The average higher value of sums was obtained from CSD3 sensor measurements in all months of the year, except June, when the actual monthly sunshine duration sum measured using that sensor was 1 h higher than the one measured using the CS recorder. Especially high differences between sunshine duration measured using both instruments occurred at the end of winter and in early spring, as well as autumn months. In the average actual daily sunshine duration sums, these differences reached 0.7 h in February and March and 0.5 h in September and October, respectively. Expressed as a percentage, the relation of differences between actual monthly sunshine duration sums measured using the CSD3 sensor and CS recorder to the average actual daily sunshine duration sum measured using the sunshine recorder is especially high during the period from October to March, reaching a value of 17.8% in October and up to 38.0% in December. Therefore, in the cold half-year, the CS recorder sunshine duration measurements are clearly understated.

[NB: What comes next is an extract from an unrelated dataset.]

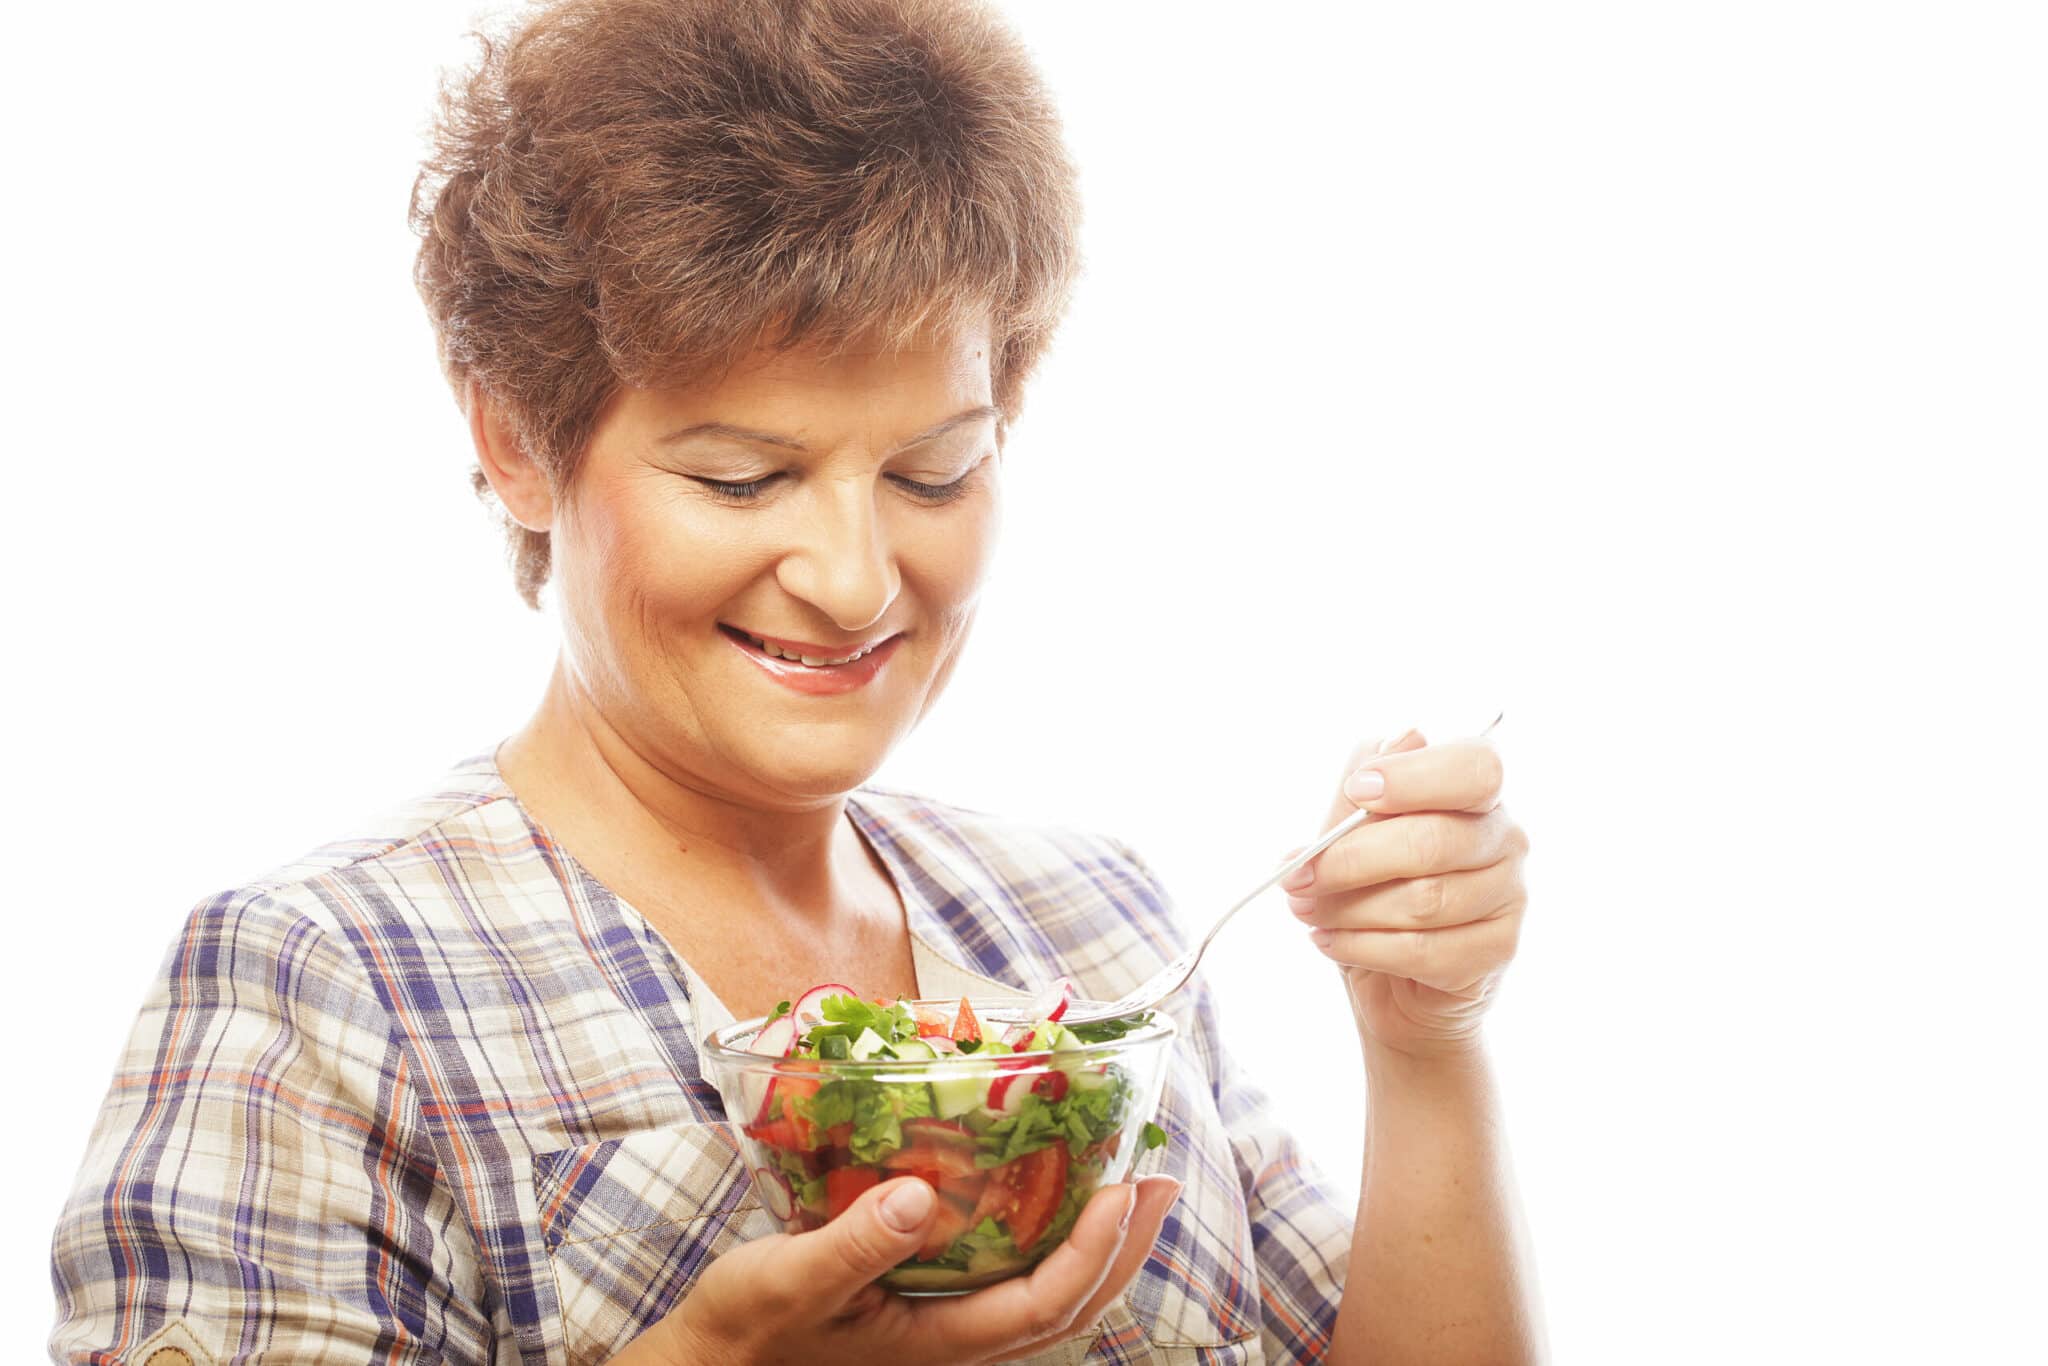 Sample Healthy Meal Plan For 50-Year-old Woman

The biggest positive difference between results of both measurements reached a value of 10.4 h and was identified on 9 August 2017. In addition to the influence of the sensitivity threshold of the instruments, there must have been another factor; probably an error during data digitization was the reason of such huge difference. On the day preceding this case and on the following day, there were no such large differences despite similar cloud cover at 06:00, 12:00 and 18:00 UTC. This may suggest the aforementioned error in the recording of results, perhaps an incorrect maintenance of the CS recorder.

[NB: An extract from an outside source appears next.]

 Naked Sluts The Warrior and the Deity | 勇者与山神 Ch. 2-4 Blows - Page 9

3.2. Reconstruction of Sunshine Duration in Borucino for the Period 1991–2020

The CS recorder sunshine duration measurements in Borucino concluded with the end of 2021. Considering the definition of sunshine duration by WMO, it was decided to reconstruct the sunshine duration values measured using a Campbell–Stokes sunshine recorder to values measured using a modern CSD3 sensor. For that purpose, monthly regression equations were constructed to determine the CSD3 daily sunshine duration sums for the period 1991–2020 based on the values recorded by the CS recorder (

Table 4. Regression equations to reconstruct a multi-year sunshine duration for CSD3 (y) on the base of CS measurements (x) in Borucino, 2015–2021.

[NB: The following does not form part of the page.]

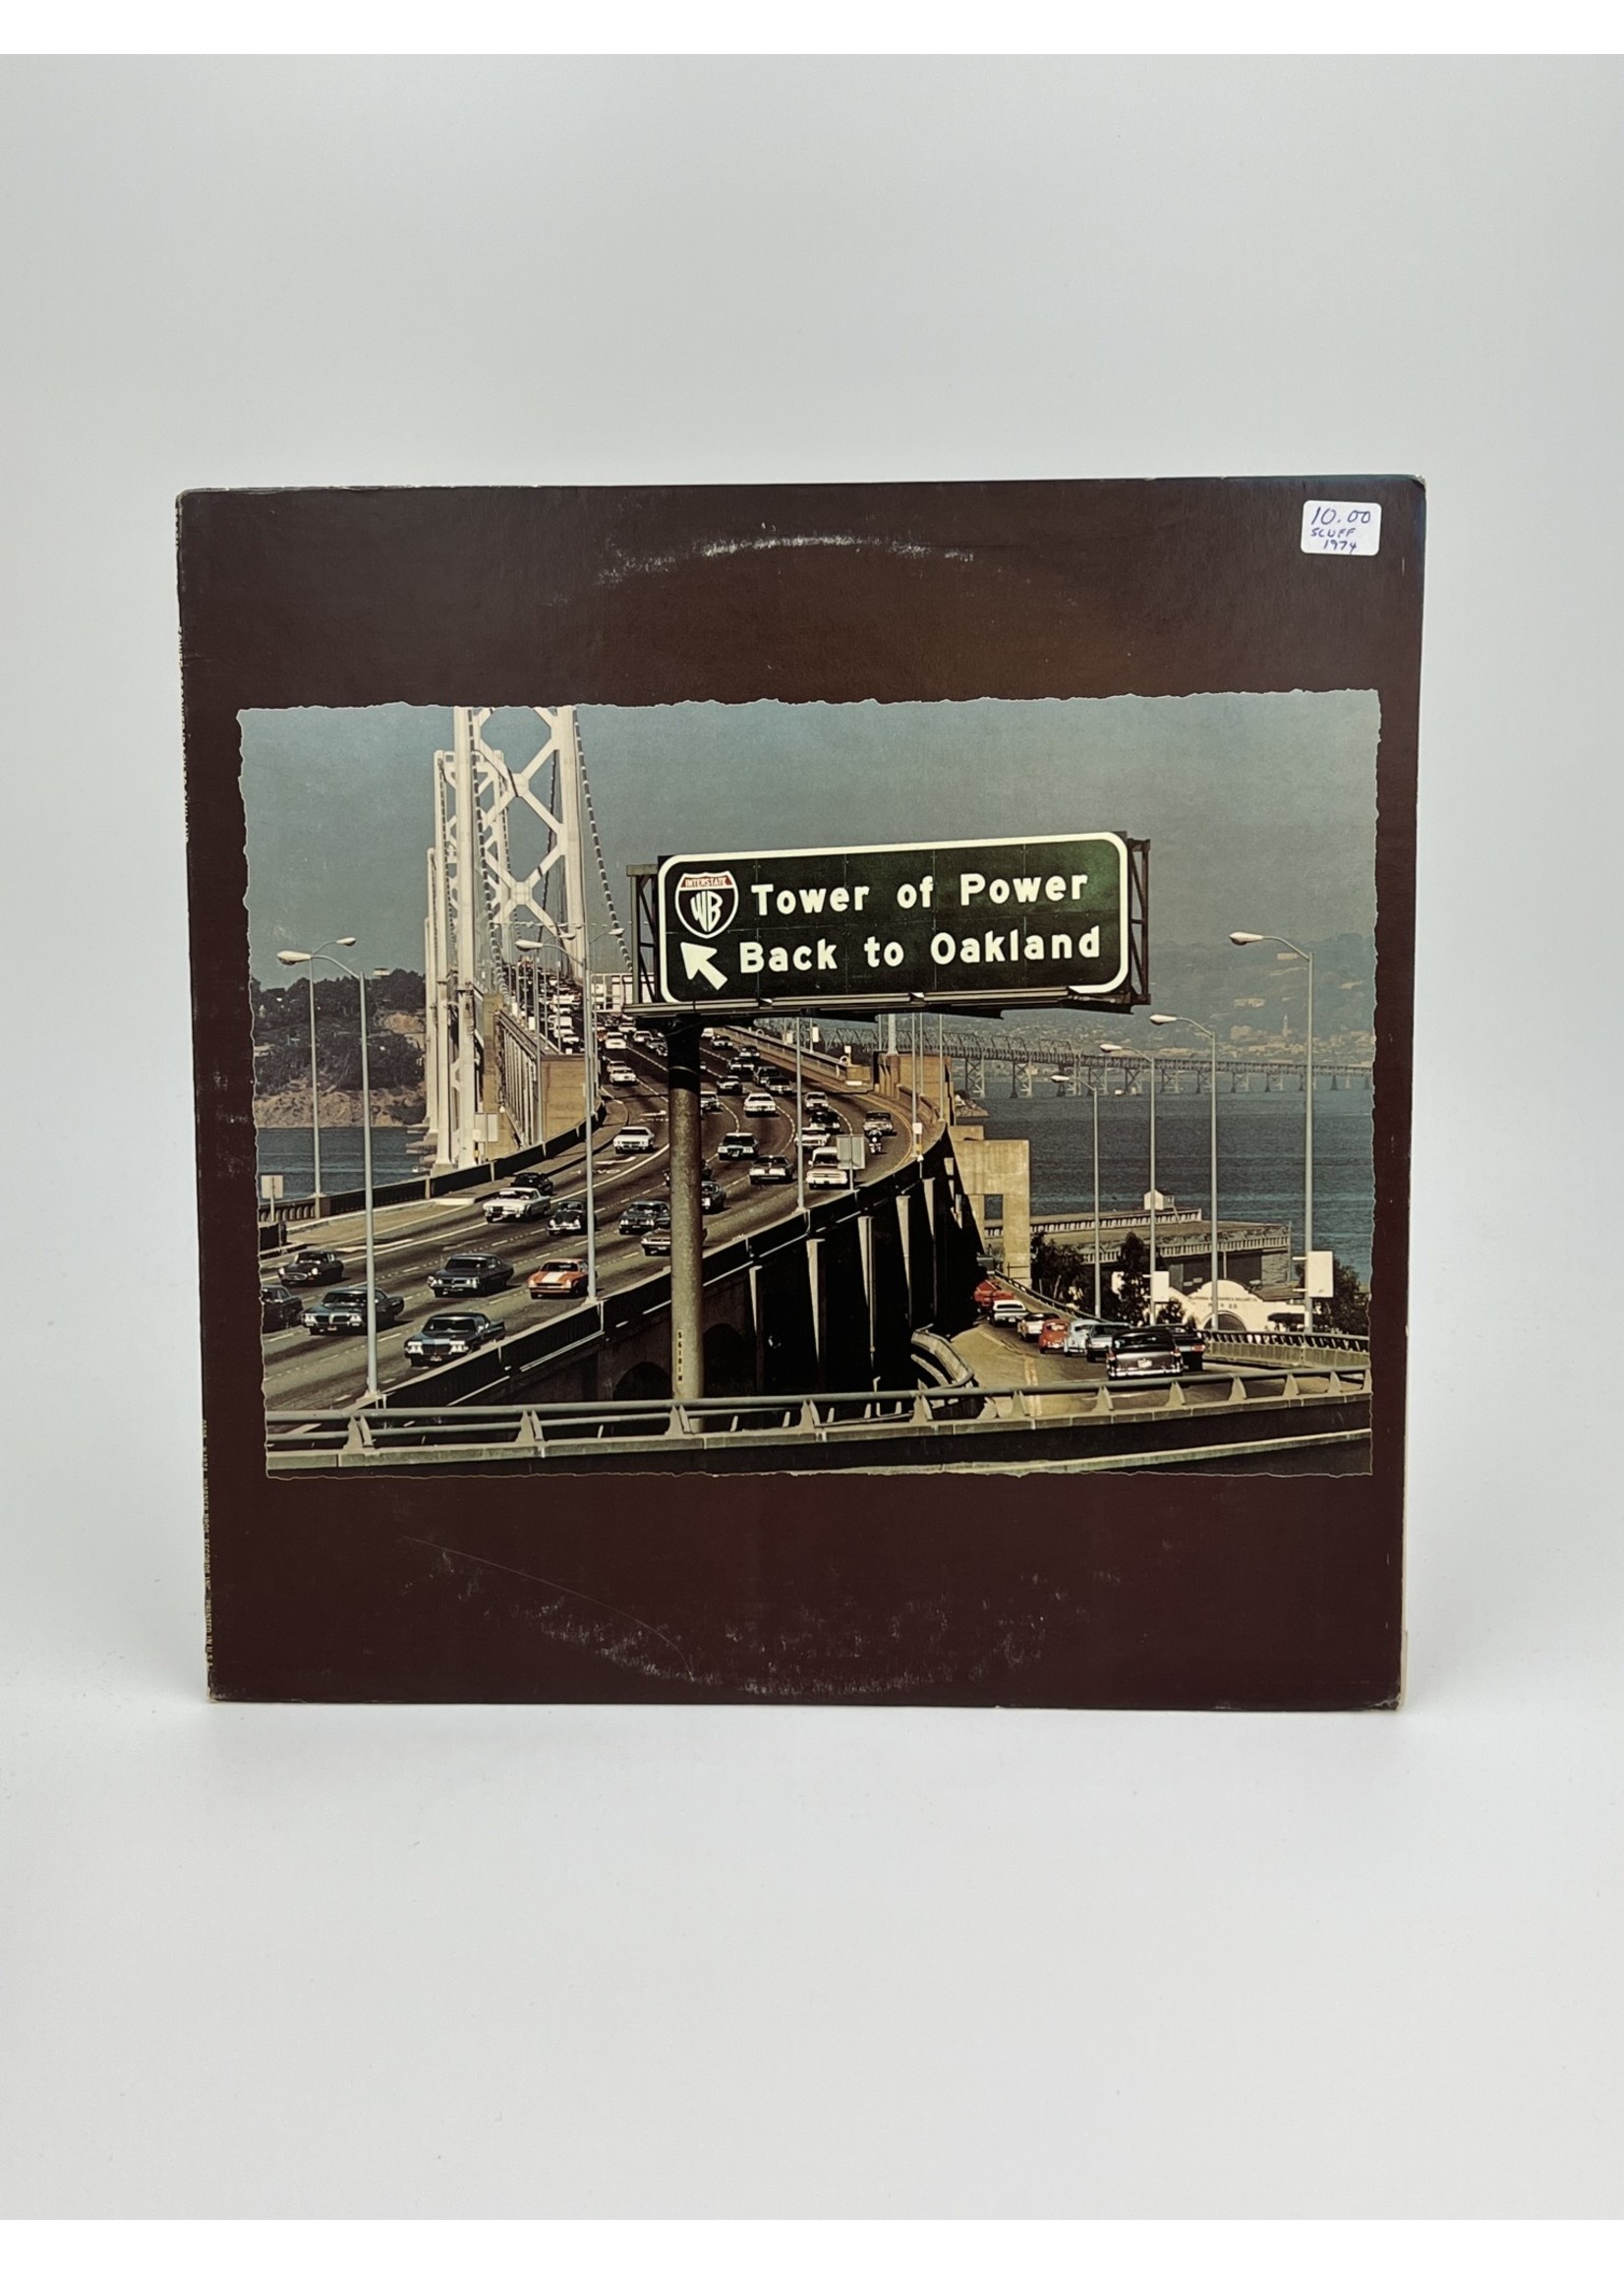 LP Tower of Power Back to Oakland LP Record

Month	Regression Equation	Determination Coefficient R2
I	y = 1.1326x + 0.0850	0.9369
II	y = 1.1073x + 0.3853	0.8882
III	y = 1.0465x + 0.5011	0.8829
IV	y = 0.9297x + 0.6261	0.8768
V	y = 0.9209x + 0.8759	0.9091
VI	y = 0.9062x + 0.7920	0.9345
VII	y = 0.8951x + 0.7634	0.9026
VIII	y = 0.8963x + 0.9144	0.8456
IX	y = 0.9926x + 0.5221	0.8755
X	y = 1.0942x + 0.2407	0.8969
XI	y = 1.1084x + 0.1020	0.9057
XII	y = 1.0916x + 0.1974	0.7630

, Figure 6).

The determination ratios from 0.85 to 0.94 indicate a high correlation between actual sunshine duration measured using the CS recorder and CSD3. The developed regression models allow for satisfactory substitution of a series of manual measurements with a reconstructed series. The best results of regression model matching were obtained for January, May, June, July, August, and November. It should be noted that the application of regression equations to reconstruct a multi-year measurement session in the case of the lowest sunshine duration values (0.0 to 1.0 h) may lead to its overstatement in situations of complete cloud cover when the CSD3 sensor in reality does not register any incoming direct radiation.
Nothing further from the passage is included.